1. Two Sum
题目:
Given an array of integers, return indices of the two numbers such that they add up to a specific target.
You may assume that each input would have exactly one solution.
Example:
Given nums = [2, 7, 11, 15], target = 9, Because nums[0] + nums[1] = 2 + 7 = 9, return [0, 1].
UPDATE (2016/2/13):
The return format had been changed to zero-based indices.
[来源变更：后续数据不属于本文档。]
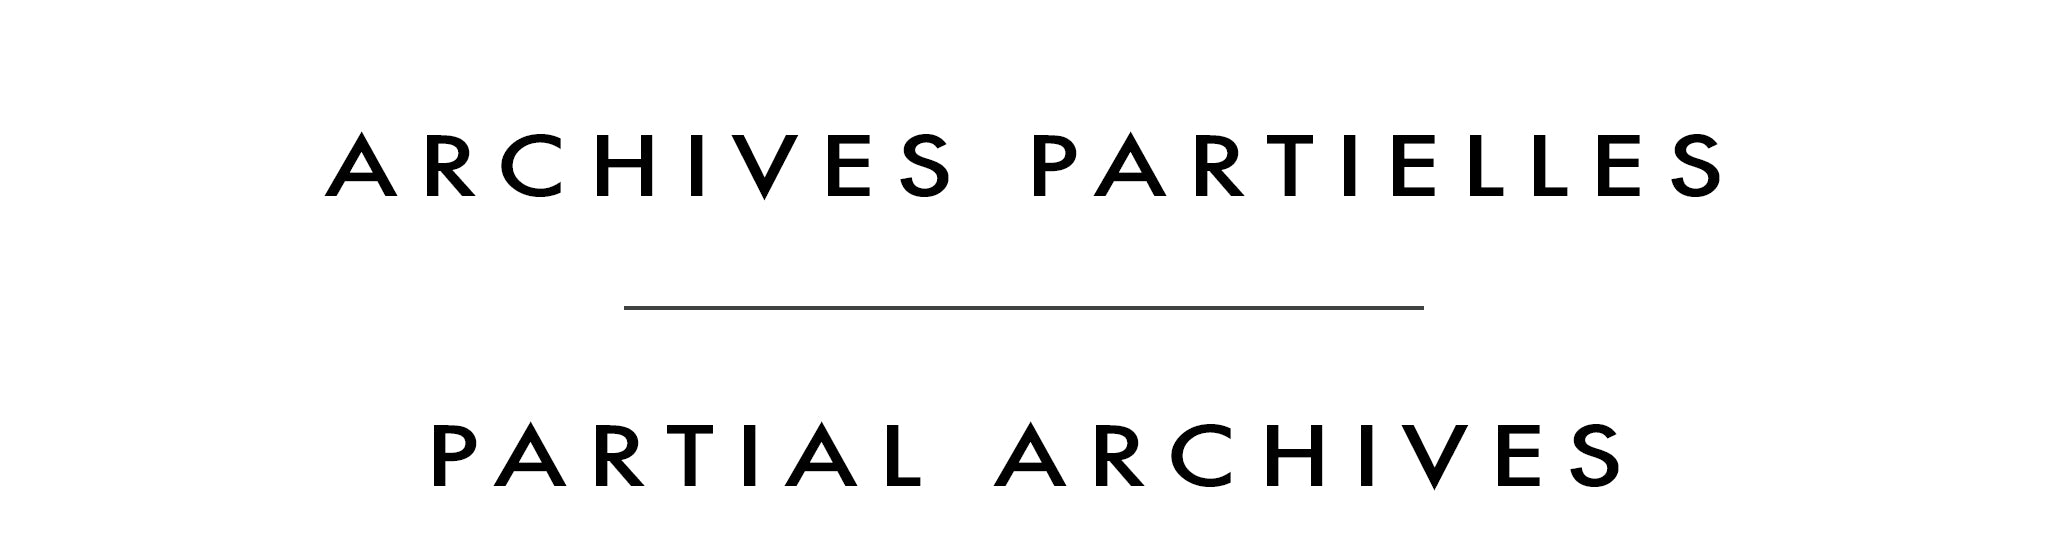 Archives partielles | Partial Archives | Daniel Renaud

Please read the above updated description carefully.
代码:
LeetCode第一题,今天回国偷来做一下,还是蛮有意思的。
乍一看这个题,当然遍历两遍,稳稳找出结果:
"""遍历两边找出来,时间复杂度O(N^2)"""
def twoSum(self, nums, target):
for i in nums:
for j in range(nums.index(i)+1,len(nums)):
if(i + nums[j] == target):
return [nums.index(i),j]
结果运行的好慢哦:
还好用的是python,网上查了下,java这样写全都报超时错误,时间复杂度太高。
于是,遍历一遍,在剩余列表中找到第二个元素即可:
"""遍历一遍找出来,时间复杂度O(N)"""
def twoSum2(self, nums, target):
for i in nums:
try:
#找出第二个元素是否存在,存在返回位置,从当前元素下一位开始找,避免重复
j = nums[nums.index(i)+1:].index(target - i)+nums.index(i)+1
return [nums.index(i),j]
except:
continue
明显快多啦:)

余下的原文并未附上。